The protocol issues ETH as a reward to validators for contributing to consensus. The consensus layer accounts for the newly issued ETH, where a validator has a unique address that holds its staked ETH and protocol rewards. This ETH is locked until Shanghai.
ETH on the execution layer is accounted for separately from the consensus layer. When users execute transactions on Ethereum Mainnet, ETH must be paid to cover the gas, including a tip to the validator. This ETH is already on the execution layer, is NOT being newly issued by the protocol, and is available to the validator immediately (given a proper fee recipient address is provided to the client software).
After the Shanghai upgrade enables withdrawals, all validators will be incentivized to withdraw their staking balance above 32 ETH, as these funds do not add to yield and are otherwise locked. Depending on the APR (determined by total ETH staked), they may be incentivized to exit their validator(s) to reclaim their entire balance or potentially stake even more using their rewards to earn more yield.
An important caveat here, full validator exits are rate limited by the protocol, so only six validators may exit per epoch (every 6.4 minutes, so 1350 per day, or only ~43,200 ETH per day out of over 10 million ETH staked). This rate limit adjusts depending on the total ETH staked and prevents a mass exodus of funds. Furthermore, it prevents a potential attacker from using their stake to commit a slashable offense and exiting their entire staking balance in the same epoch before the protocol can enforce the slashing penalty.
The APR is intentionally dynamic, allowing a market of stakers to balance how much they're willing to be paid to help secure the network. When withdrawals are enabled, if the rate is too low, then validators will exit at a rate limited by the protocol. Gradually this will raise the APR for everyone who remains, attracting new or returning stakers yet again.
What happened to 'Eth2'?
The term 'Eth2' has been deprecated. After merging 'Eth1' and 'Eth2' into a single chain, there is no longer any need to
distinguish between two Ethereum networks; there is just Ethereum.
To limit confusion, the community has updated these terms:
'Eth1' is now the 'execution layer', which handles transactions and execution.
'Eth2' is now the 'consensus layer', which handles proof-of-stake consensus.
These terminology updates only change naming conventions; this does not alter Ethereum's goals or roadmap.
The Ethereum upgrades are all somewhat interrelated. So let ’s recap how The Merge relates to the other upgrades.

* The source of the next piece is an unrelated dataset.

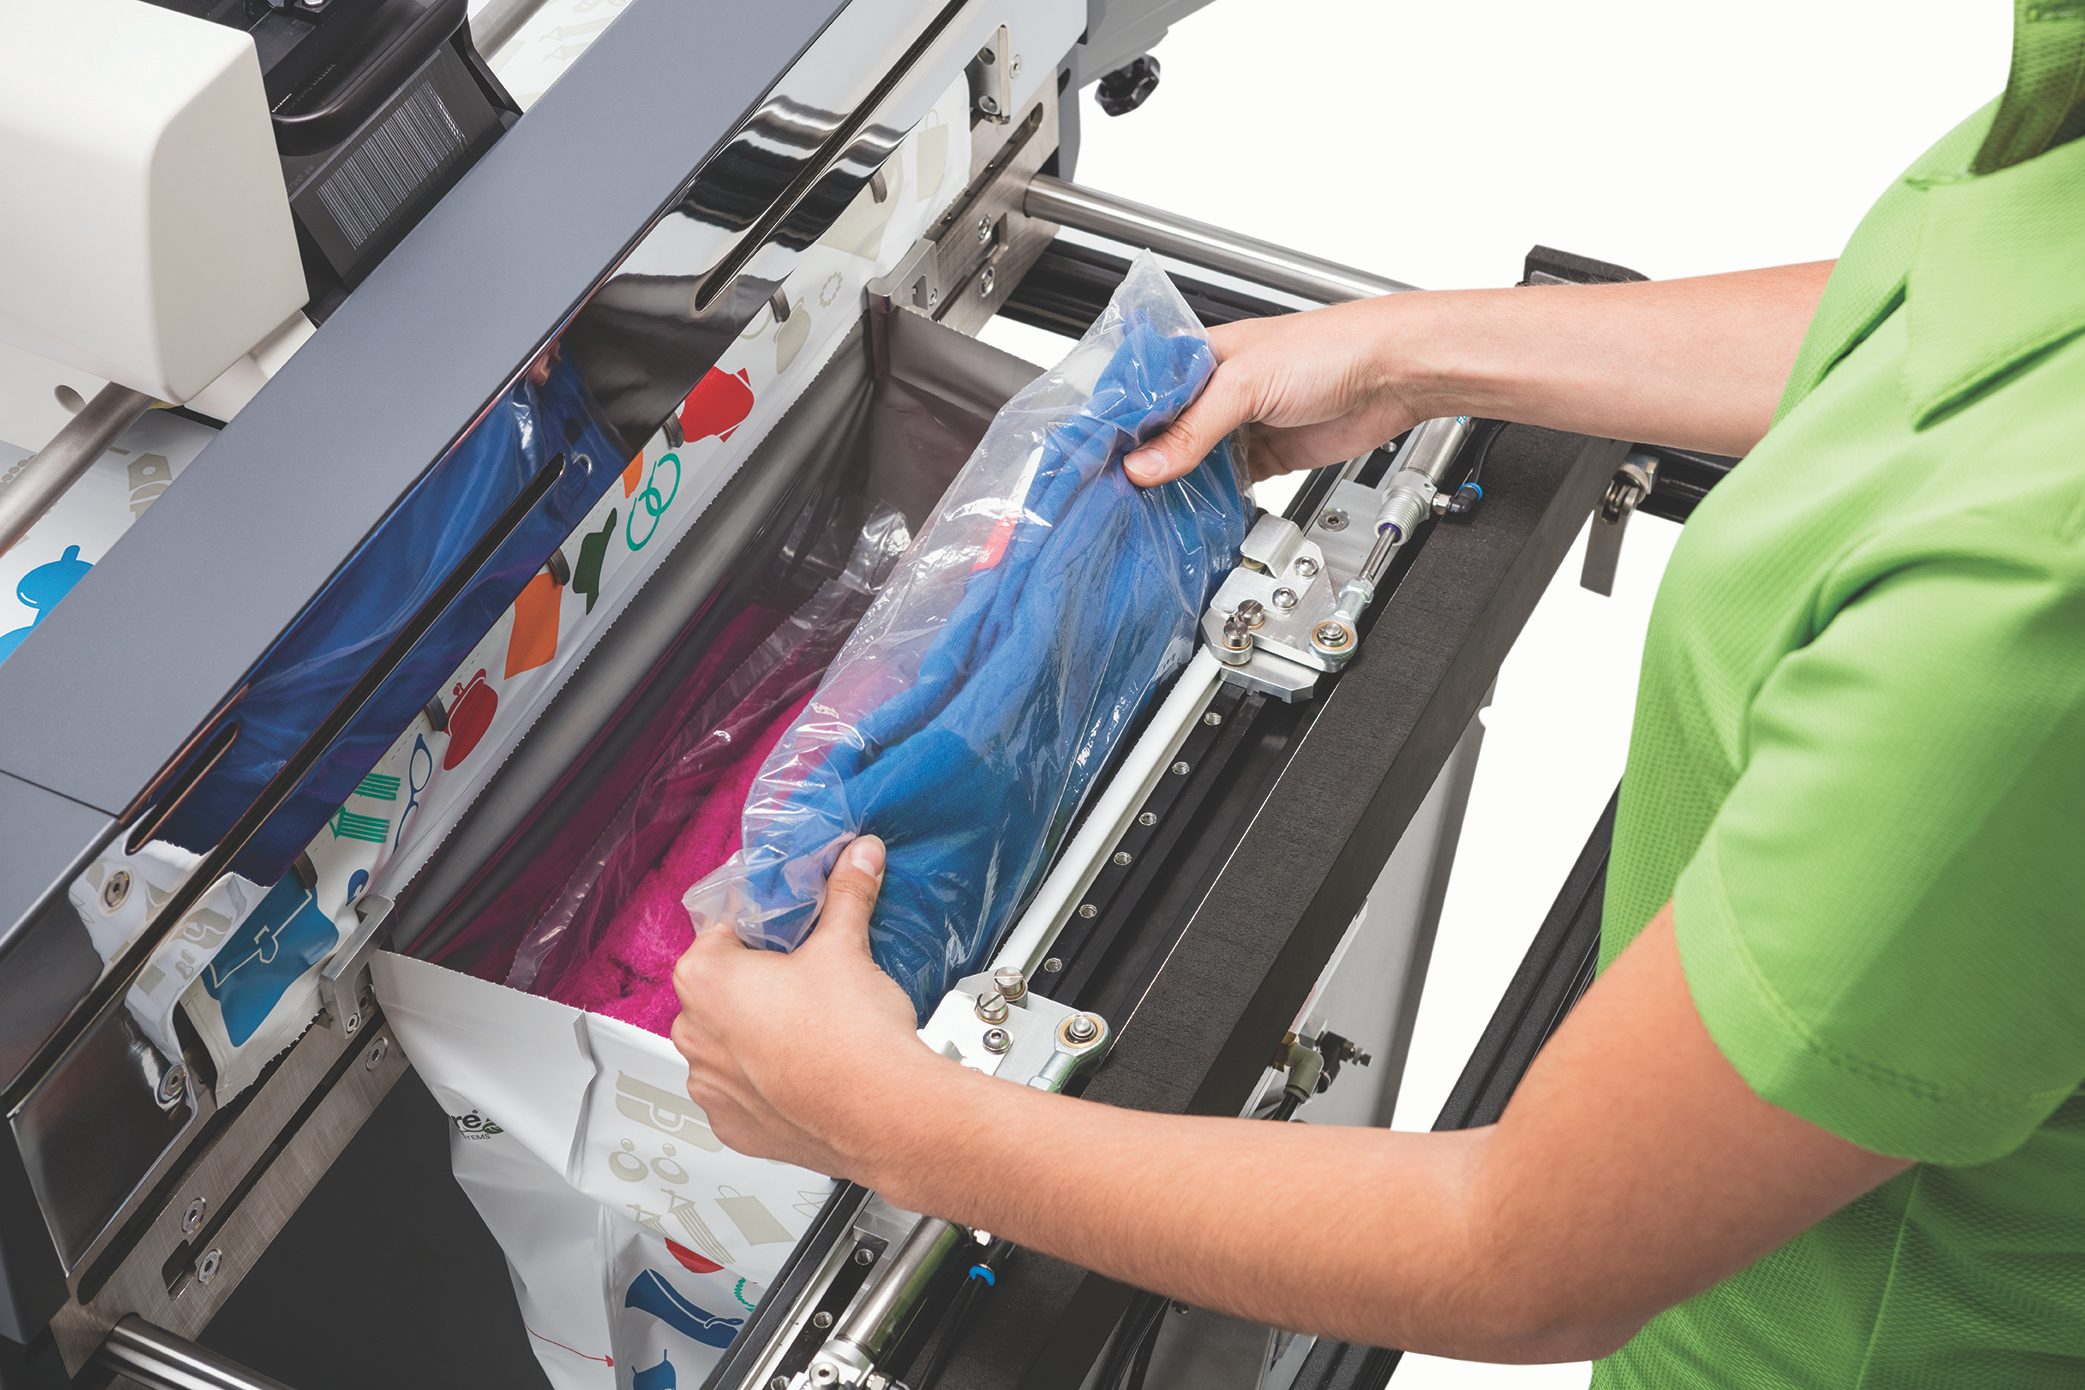 high-speed bagging and printing systems

The Merge and the Beacon Chain
The Merge represents the formal adoption of the Beacon Chain as the new consensus layer to the original Mainnet execution layer. Since The Merge, validators are assigned to secure Ethereum Mainnet, and mining on proof-of-work is no longer a valid means of block production.
Blocks are instead proposed by validating nodes that have staked ETH in return for the right to participate in consensus. These upgrades set the stage for future scalability upgrades, including sharding.
In order to simplify and maximize focus on a successful transition to proof-of-stake, The Merge upgrade did not include certain anticipated features such as the ability to withdraw staked ETH. The Shanghai upgrade is planned to follow The Merge, which will enable the ability for stakers to withdraw.
Originally, the plan was to work on sharding before The Merge to address scalability. However, with the boom of layer 2 scaling solutions, the priority shifted to swapping proof-of-work to proof-of-stake first.
Plans for sharding are rapidly evolving, but given the rise and success of layer 2 technologies to scale transaction execution, sharding plans have shifted to finding the most optimal way to distribute the burden of storing compressed calldata from rollup contracts, allowing for exponential growth in network capacity. This would not be possible without first transitioning to proof-of-stake.